Since upgrade to 7.x multiple installations I have access to have had very heavy indexer CPU usage. I have upgraded to 7.1.1 to ensure I have all bug fixes.
This has been chased down to datamodels that appear to continually accelerate the full time period over and over, rather than just checking the last 5 minutes of new data each time. The datamodels are all showing 100% complete, but searches running to the full 3600 seconds all the time also. Skip ratio for these searches is through the roof.
To reproduce, I have installed uberAgent and it's event generator in a test instance of Splunk 7.1.1. I can see the base LISPY of the acceleration jobs appear to be looking at (pretty much) "All time" on every invocation, e.g.:
06-15-2018 11:58:09.119 INFO BatchSearch - Searching index:uberagent with LISPY:'[ AND sourcetype::uberagent:application:outlookpluginload [ OR _indextime::12* _indextime::13* _indextime::14* _indextime::150* _indextime::151* _indextime::1520* _indextime::1521* _indextime::1522* _indextime::1523* _indextime::1524* _indextime::1525* _indextime::1526* _indextime::1527* _indextime::1528* _indextime::152900* _indextime::152901* _indextime::1529020* _indextime::1529021* _indextime::1529022* _indextime::1529023* _indextime::1529024* _indextime::1529025* _indextime::1529026* _indextime::15290270* _indextime::15290271* _indextime::15290272* _indextime::15290273* _indextime::15290274* _indextime::15290275* _indextime::15290276* _indextime::152902770* _indextime::152902771* _indextime::152902772* _indextime::152902773* _indextime::152902774* _indextime::152902775* _indextime::152902776* _indextime::152902777* _indextime::152902778* _indextime::1529027790 _indextime::1529027791 _indextime::1529027792 _indextime::1529027793 _indextime::1529027794 _indextime::1529027795 _indextime::1529027796 _indextime::1529027797 _indextime::1529027798 ] ]'
To me it appears that this LISPY is looking at events with an _indextime beginning with "12*" and later, or pretty much a"All time" for any practical purpose. This LISPY is the same pattern on every acceleration search for every datamodel.

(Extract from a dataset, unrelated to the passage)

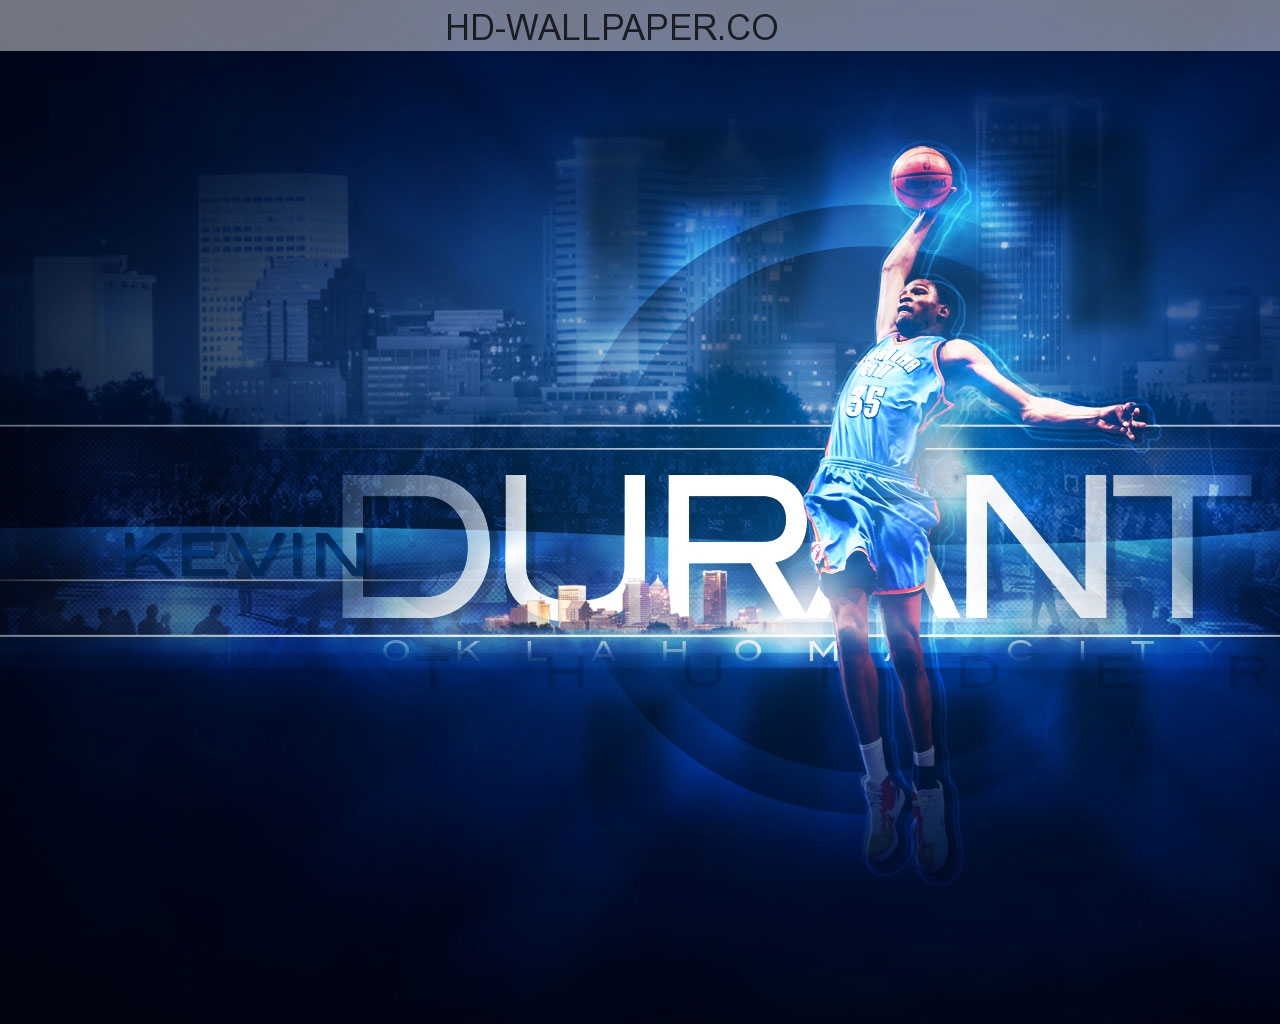 HD Wallpaper Co Kevin Durant Nba Jpg
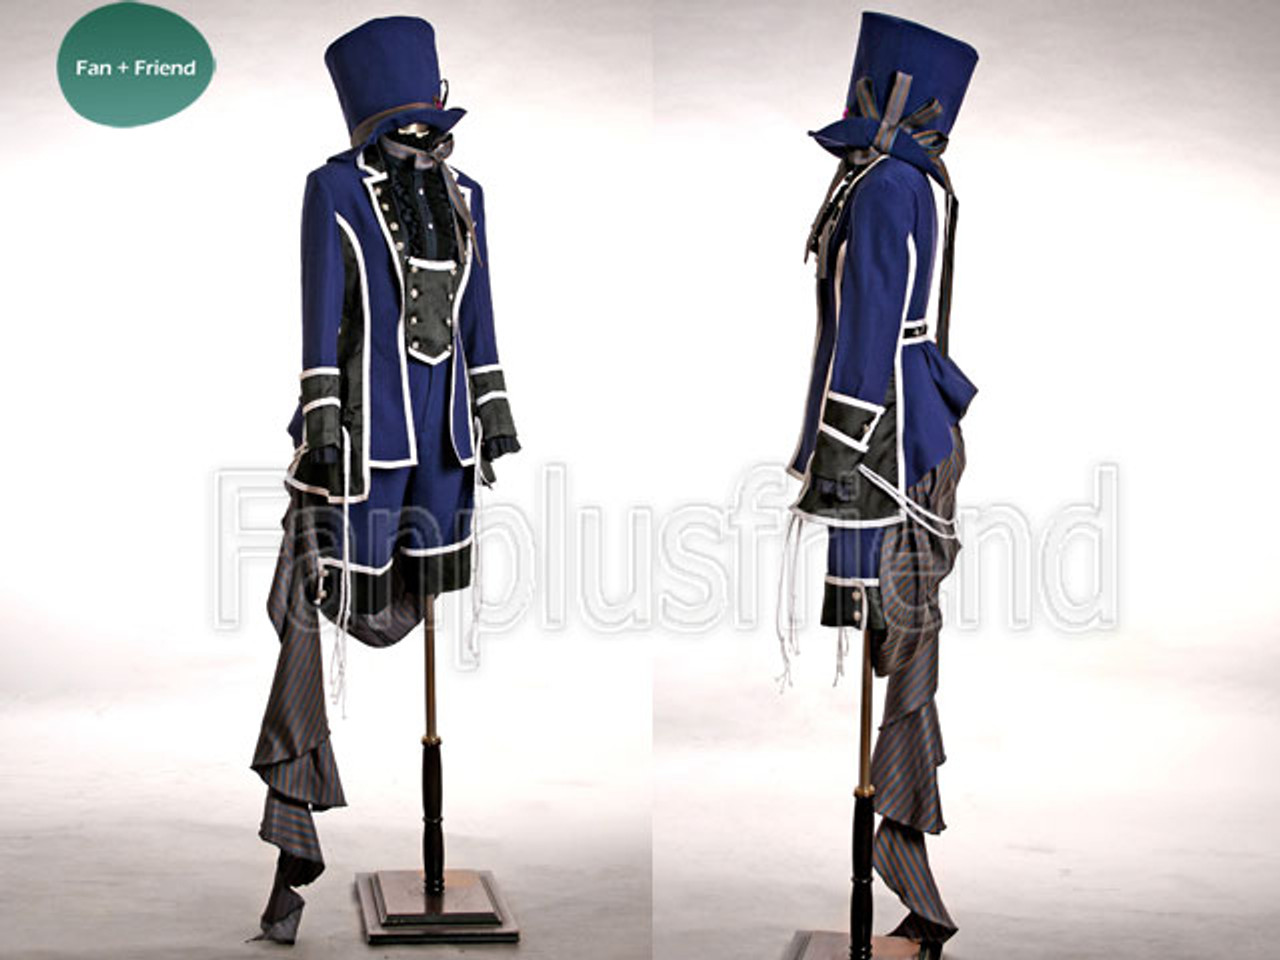 Black Butler Kuroshitsuji Cosplay, Ciel Phantomhive Gothic Dandy Outfit

I've managed to calm down the problem by setting acceleration.backfill_time to -1d by default. This seems to make each acceleration search invocation scan only 1 day of data every time, not the entire acceleration duration. Far from ideal, but it has stopped this being a complete Splunk breaking issue, and the accelerations continue to be built and stored.
Is there anything else I should be looking at to figure this one out, or ideas on how to fix it? What might be the change in 7.x that has caused this?
There's a bug only that applies to an unset acceleration.backfilltime (which unfortunately is the default), and the workaround, in that case, is to set that to the same value as acceleration.earliesttime. Datamodels that have set acceleration.backfill_time already are unaffected.
Is there a version target such as 7.1.2 for this bug fix yet?
Any chance this can be added to the release notes? We have had a number of engineers waste a lot of time trying to identify the cause of this issue. If they had seen this on the release notes page they would not have wasted a day or two trying to identify the problem.